What is needed:
From the line that contains "U.S. Regulators Target Danske Bank" through the last line of the data, copy everything exactly and nothing else, omitting the pictures.
START Information shown
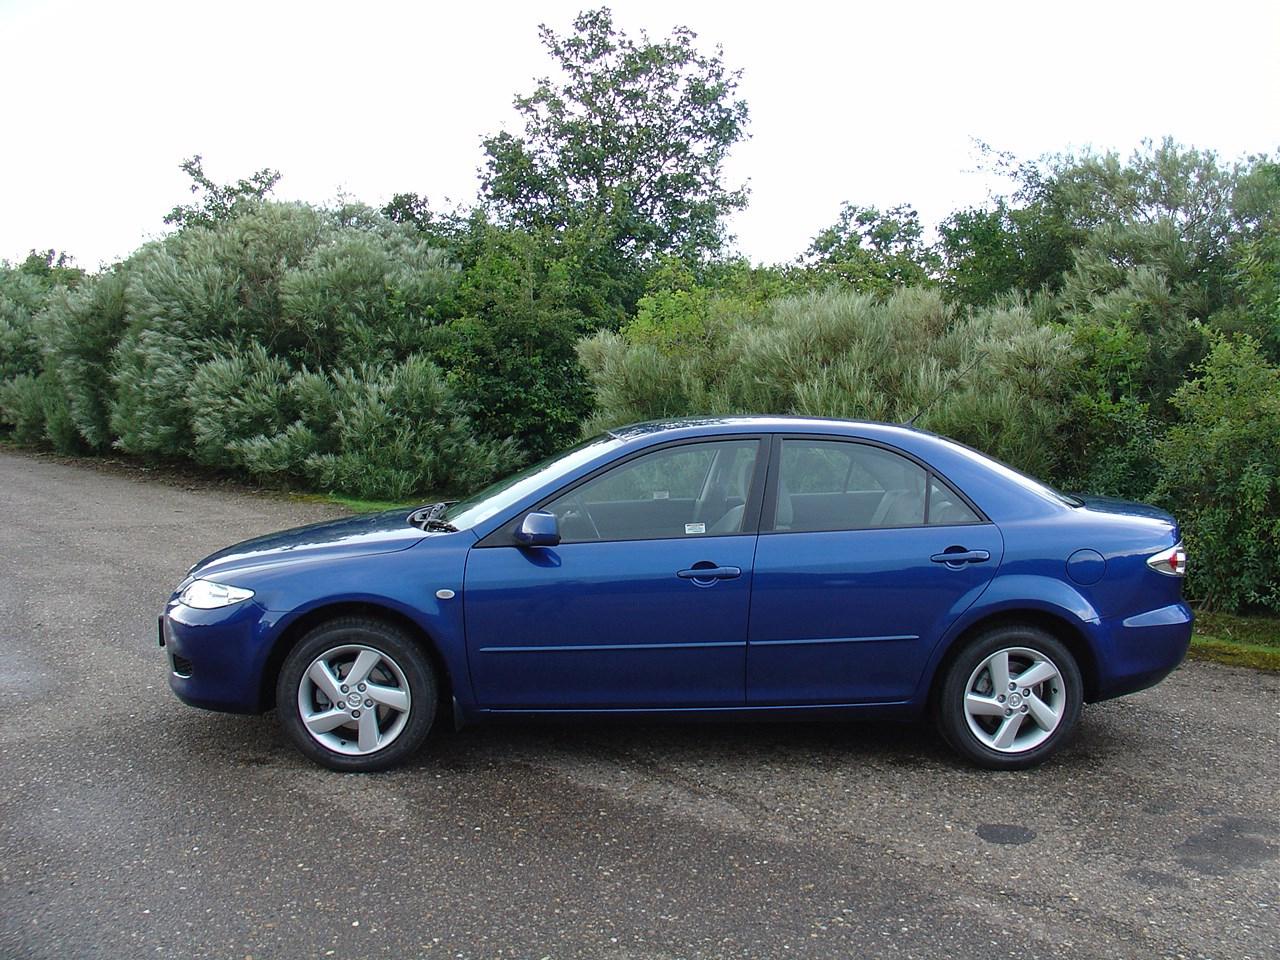 Mazda 6 Saloon (2002 - 2007) Photos   Parkers
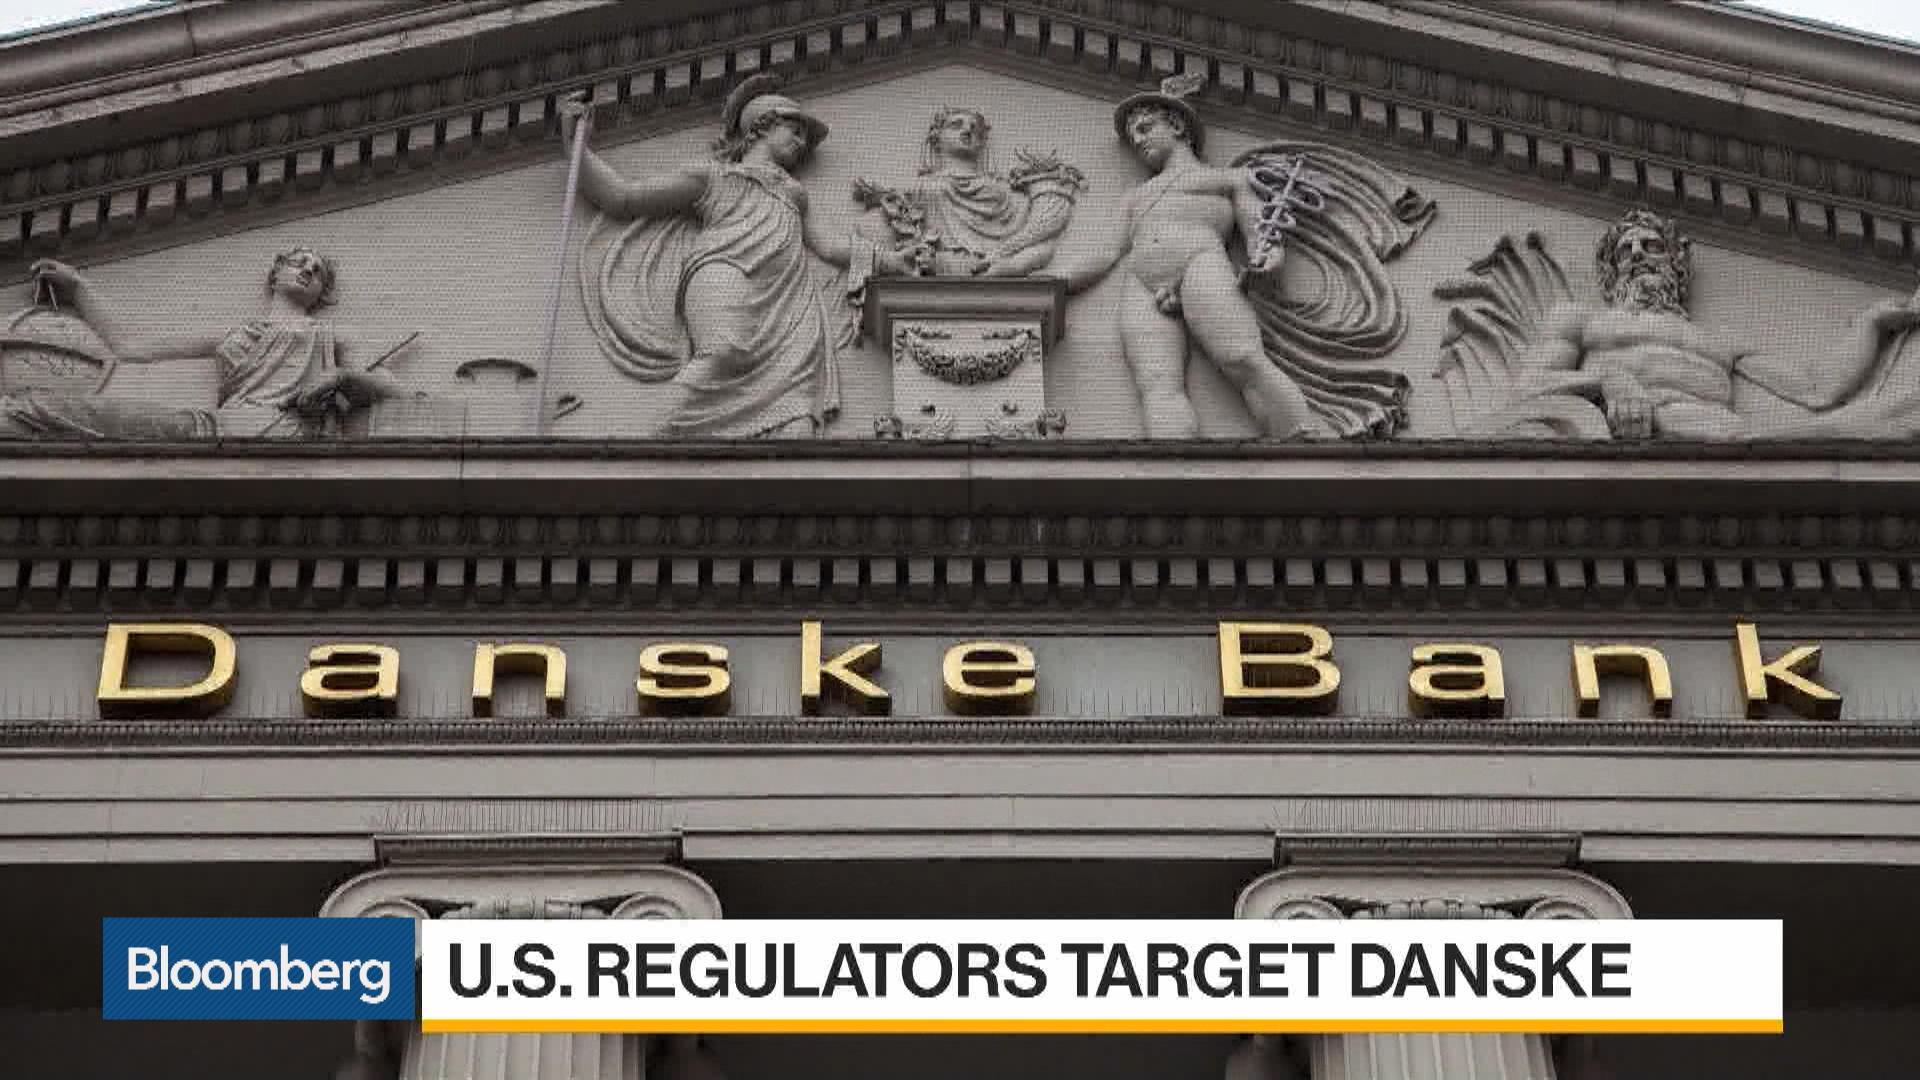 U.S. Regulators Target Danske Bank
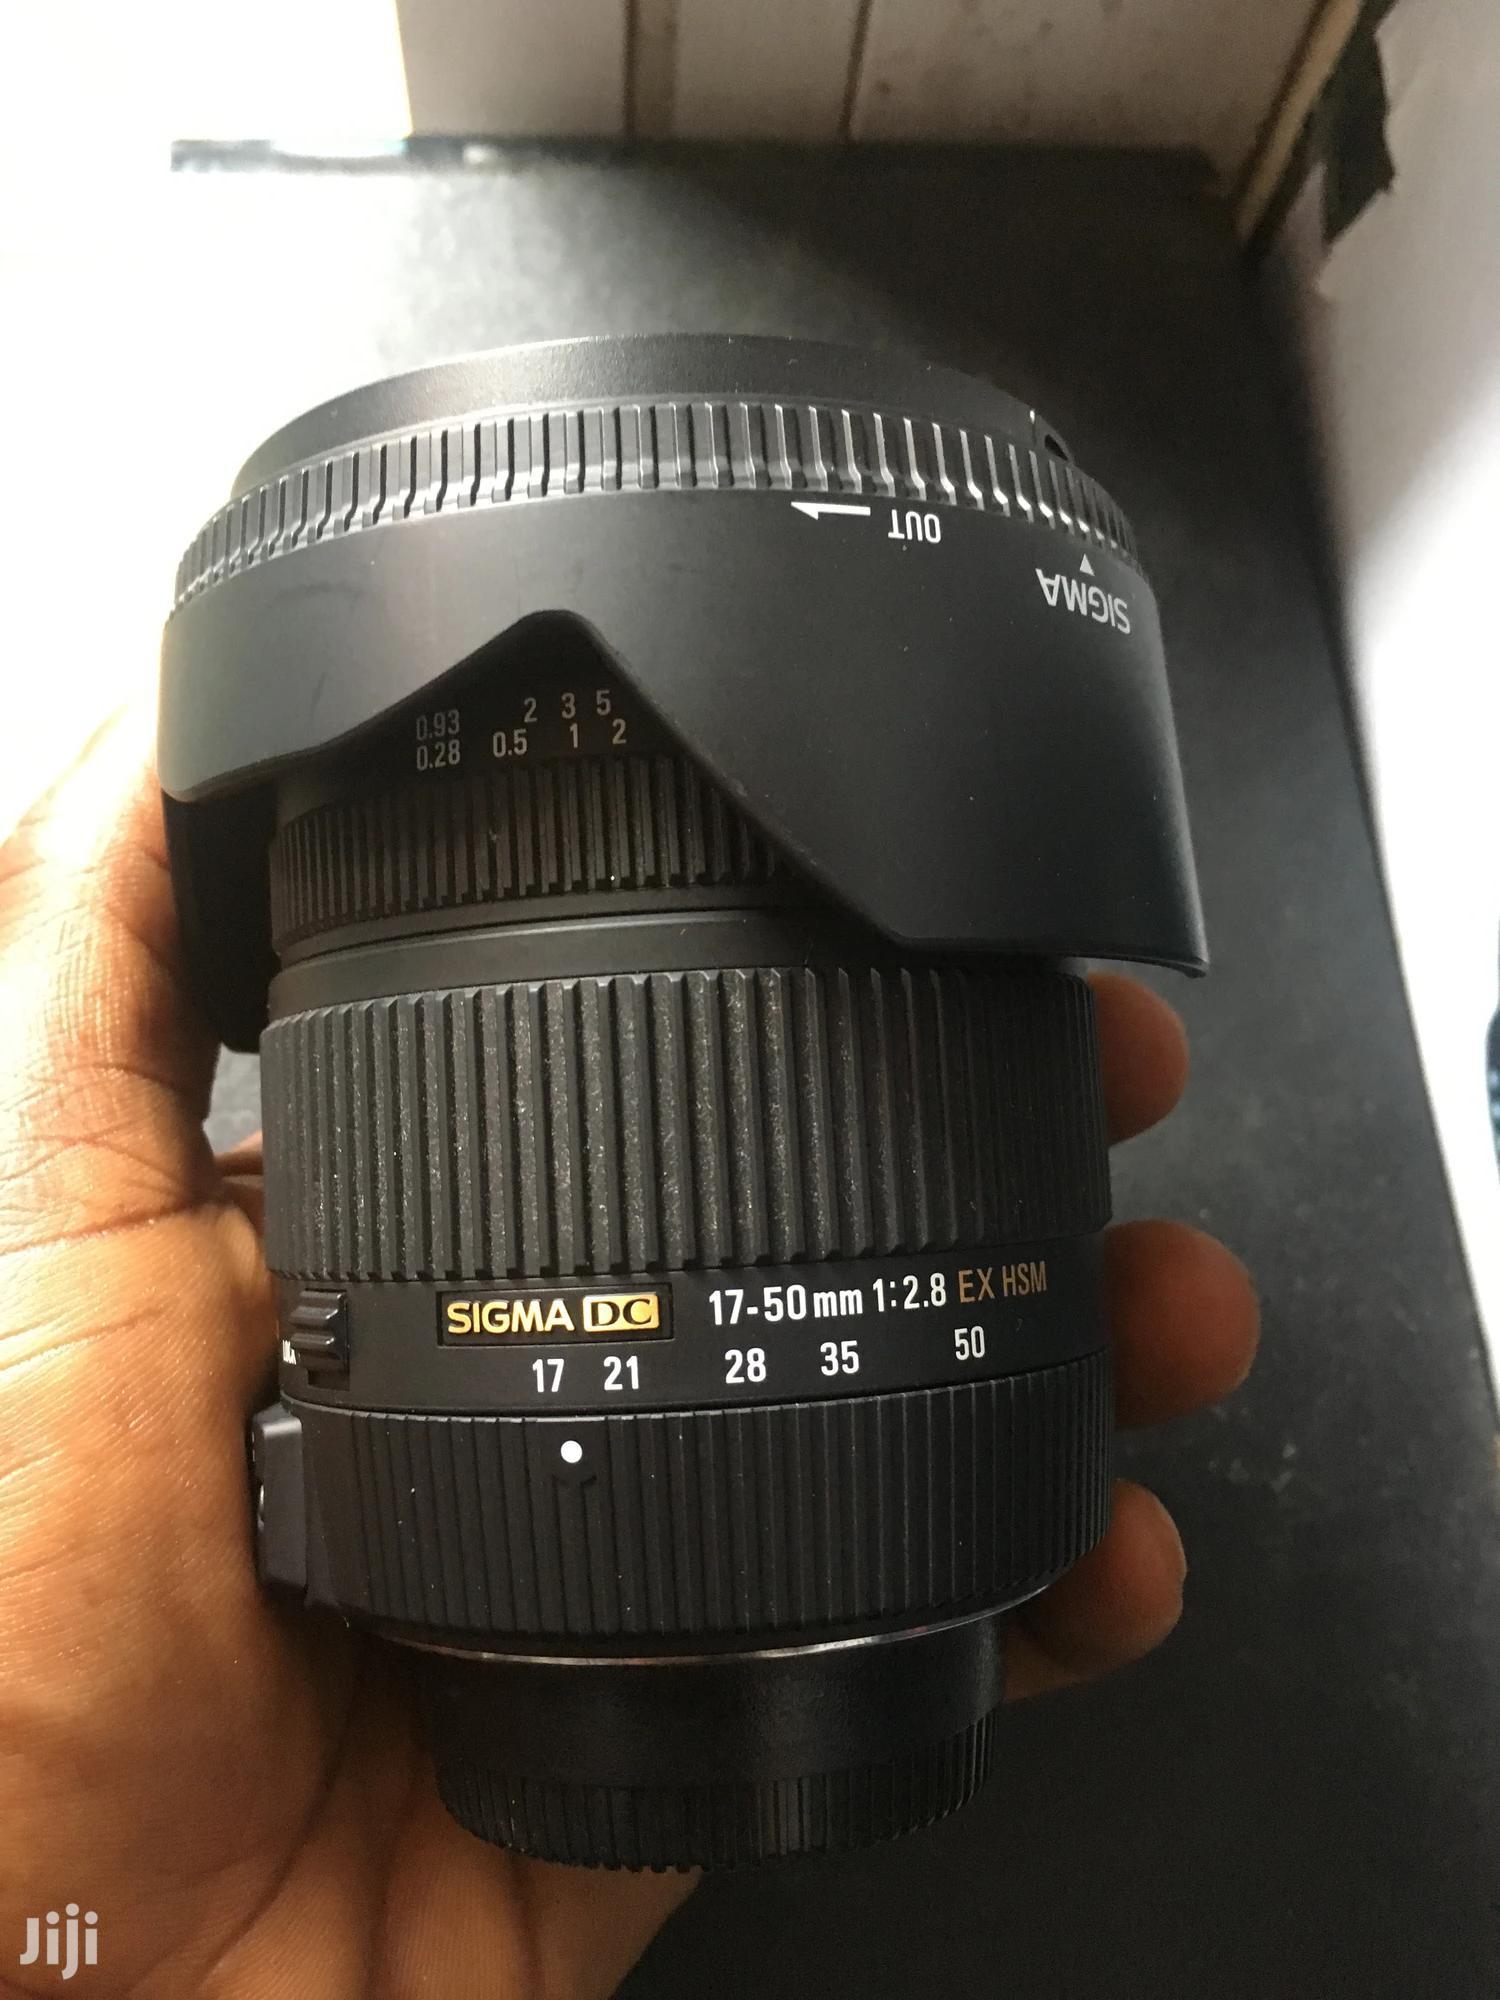 Archive: Nikon Lens 17-50mm Sigma F Top 1.8
END Information shown
Final answer:
 U.S. Regulators Target Danske Bank
 Archive: Nikon Lens 17-50mm Sigma F Top 1.8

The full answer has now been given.